Major societal challenges such as health, climate change, energy, food availability, migration and peace depend on the contributions of a distributed and diverse international network of researchers and subject experts. The aim of open science is to improve the accessibility of research outputs, including articles, data and other research objects, so that researchers, industry and the public can make use of, build on, and ensure the validity of these research outputs.
Among research outputs, research data are often the most diverse - as diverse as the international network of experts that perform research. Datasets may be small or large, simple or complex, structured or unstructured. Data may stem from hundreds of different subjects, may be produced by numerous methodologies, and exist in a plethora of different formats. The diversity of data is also characterized by a variety of data management practices, of varying quality and comprehensiveness. Historically, large structured datasets in well-established disciplines are more likely to adopt unified and standardized formats that are disciplinarily defined and accepted. Similarly well established disciplines tend to have common and understood workflows, where as in the long tail of research it is not unusual for researchers to use a variety of tools and to develop ad-hoc data workflows. Long tail datasets, on the other hand, which vary radically in source, discipline, size, subject, provenance, funding, format, longevity, location and complexity, are less likely to adhere to common standards. The wide distribution and diversity of long-tail data means that ensuring such data is discoverable and stored in appropriate formats with relevant curation and metadata to facilitate reuse is challenging, and that these data have received less attention historically. Furthermore, the terms used to refer to long tail data, e.g. ‘small data’, ‘legacy data’ or ‘orphan data’ have contributed to diminishing the perceived importance of such data.
Considering that a large portion of research datasets (and associated research funding) are found in the long tail, it is paramount that we address the specific and unique data management challenges for this data. The risks of neglecting long-tail data are real and significant. These include both limiting the reproducibility, transparency, and verifiability of research results, and RDA Long Tail of Research Data Interest Group unnecessary costs associated with the duplication of research data. Moreover, the potential benefits for reuse are significantly reduced.
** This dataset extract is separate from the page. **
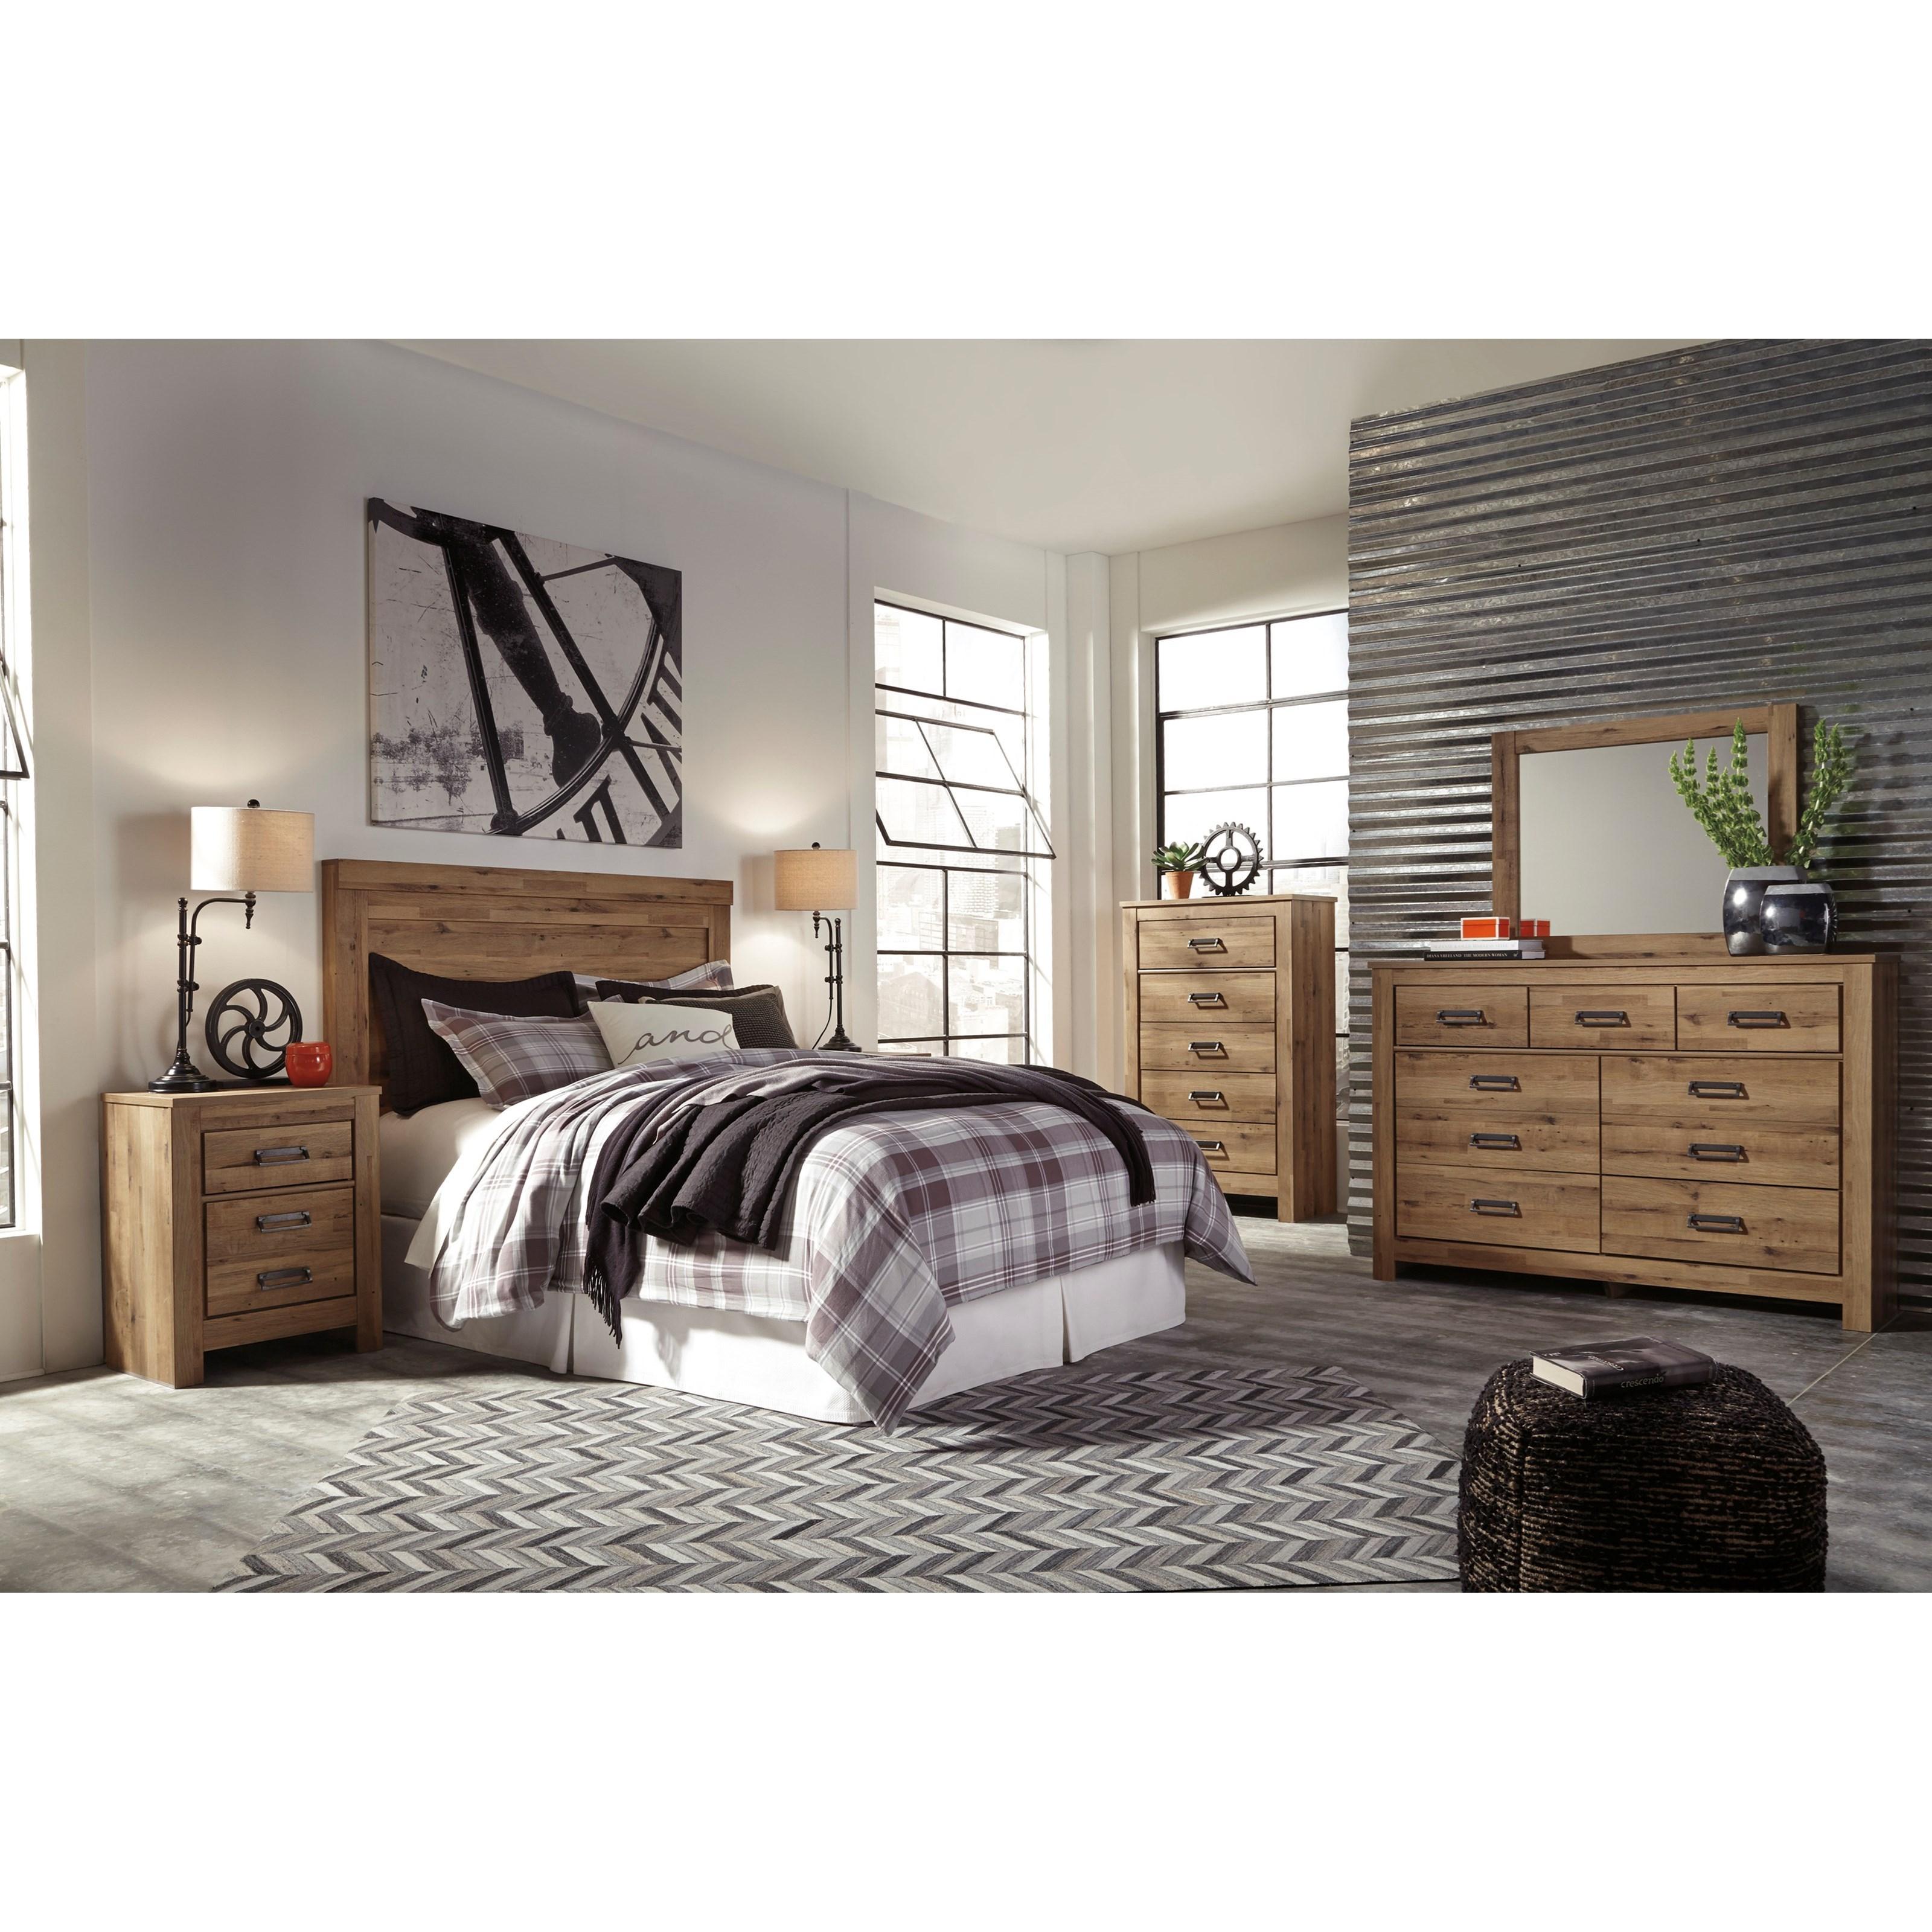 Signature Design By Ashley Cinrey King Bedroom Group Rotmans Bedroom Groups Worcester
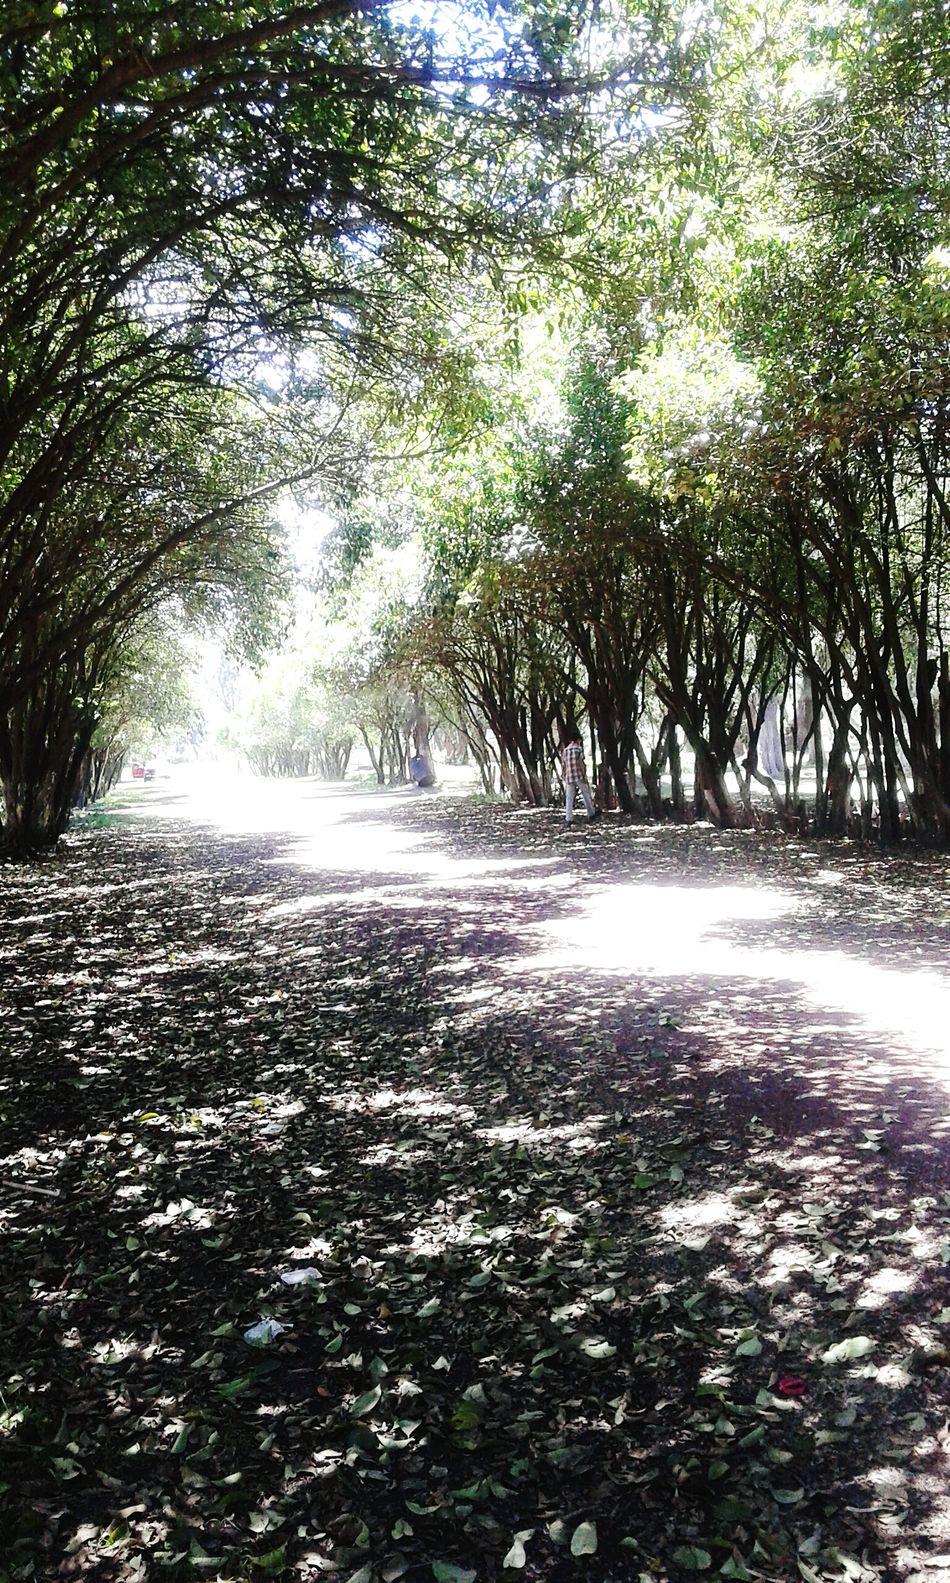 ♡ '''El amor... esa estrella de una sombra infinita aunque muera 5 veces...cien veces recucita.''''♡ In The Park The Sky The Natural Flowers... Trees...air.🐾⛅🌼🌹

The Research Data Alliance (RDA) “Long Tail of Research Data Interest Group” has been assessing the situation of long tail data over the last three years, and urges the broader community to consider the risks and opportunities related to long-tail data. This document provides seven recommendations for a variety of stakeholders, including governments, funders, research institutions and researchers to help improve the current approach to managing long tail data. We call on the community to work together to create necessary and sufficient conditions to ensure we are able to properly steward these valuable research outputs for future generations of researchers.